Working data:
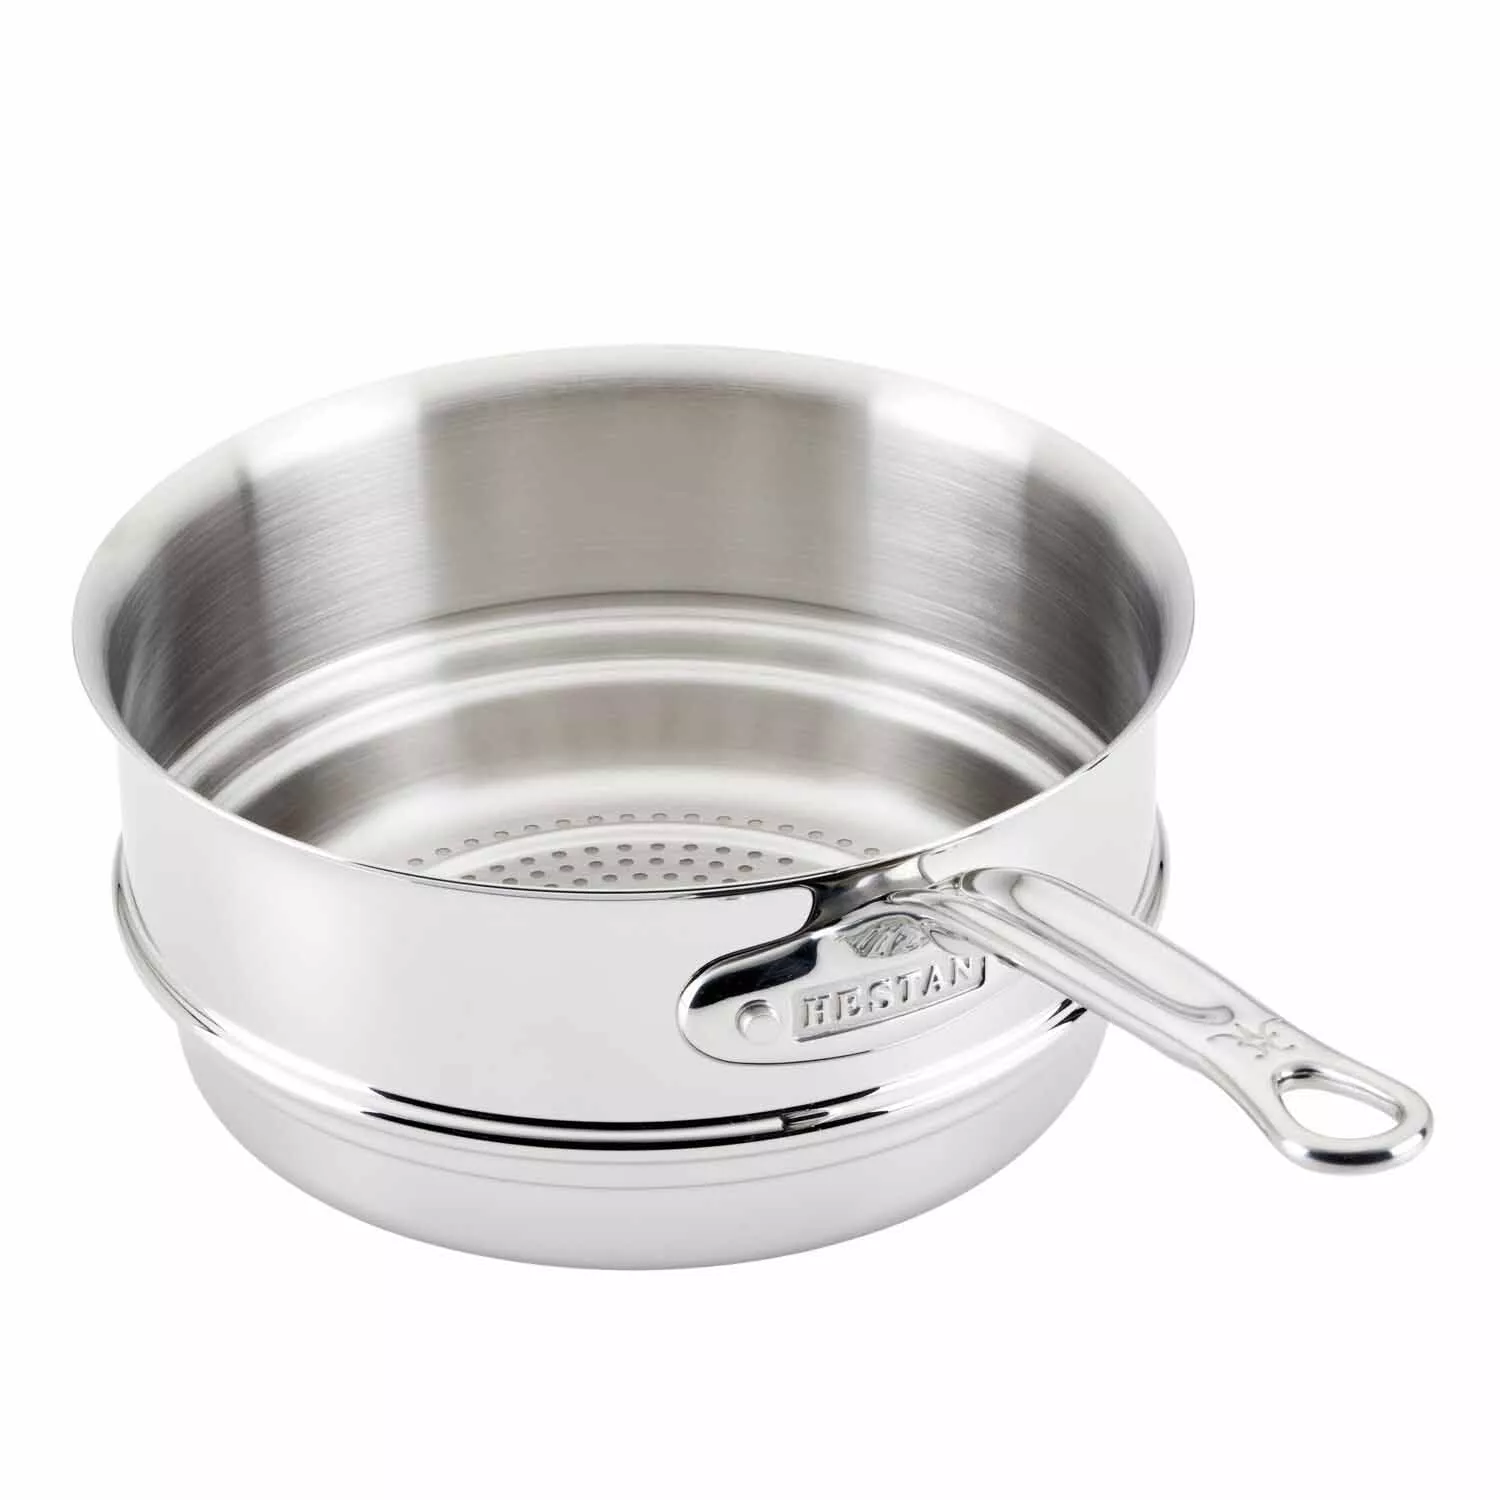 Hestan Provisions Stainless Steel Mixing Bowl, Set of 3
---
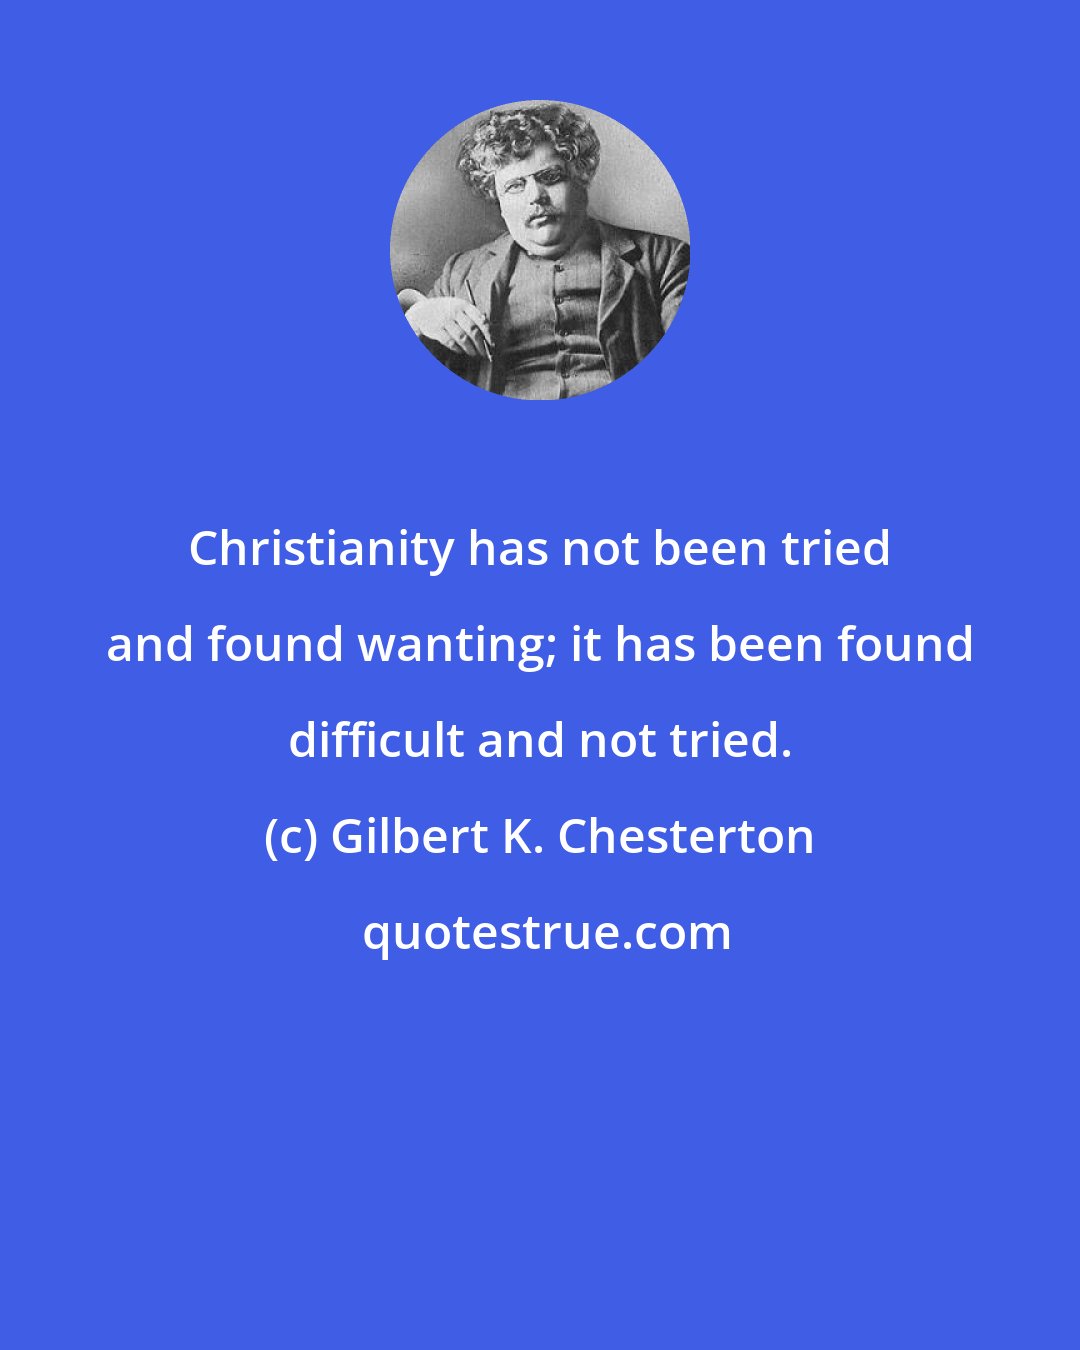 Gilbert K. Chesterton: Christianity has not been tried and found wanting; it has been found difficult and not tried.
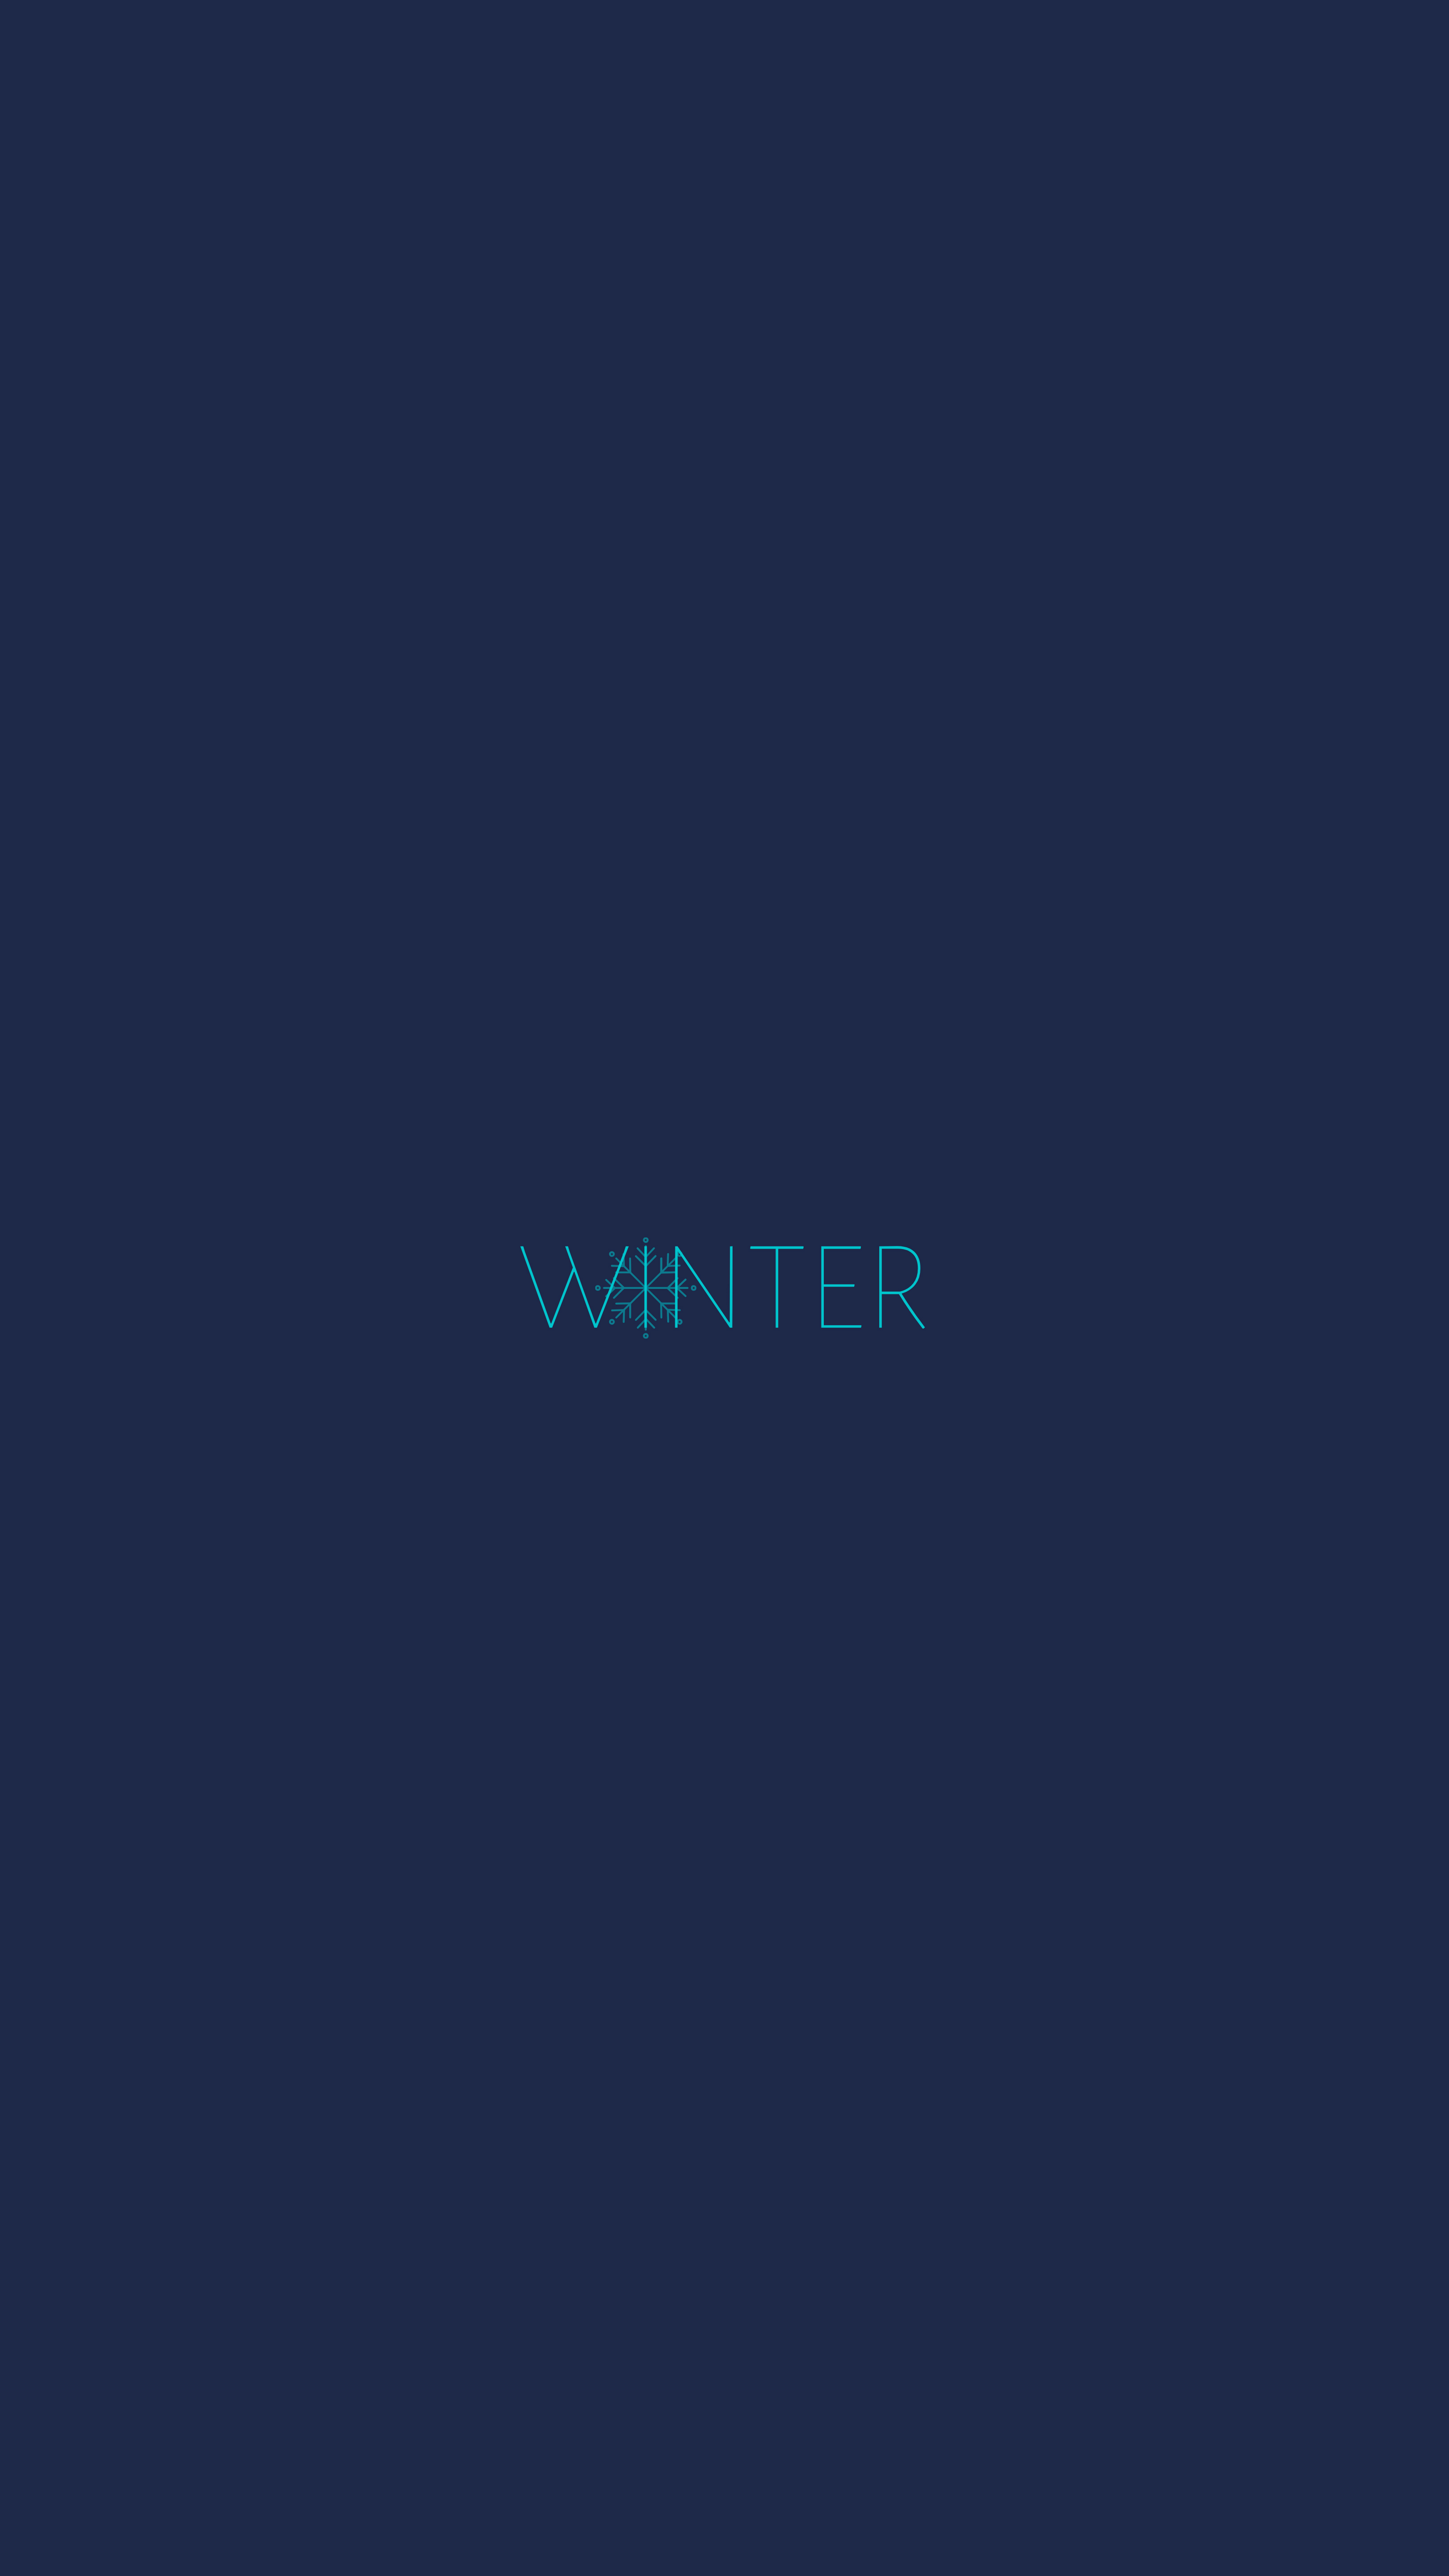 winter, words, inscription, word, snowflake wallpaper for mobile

Task goal:
Retype only the lines above from the one with "Gilbert K. Chesterton: Christianity" through the one with "winter, words, inscription, word, snowflake", exactly and with both ends. Images stay out.

Exercise solution:
 Gilbert K. Chesterton: Christianity has not been tried and found wanting; it has been found difficult and not tried.
 winter, words, inscription, word, snowflake wallpaper for mobile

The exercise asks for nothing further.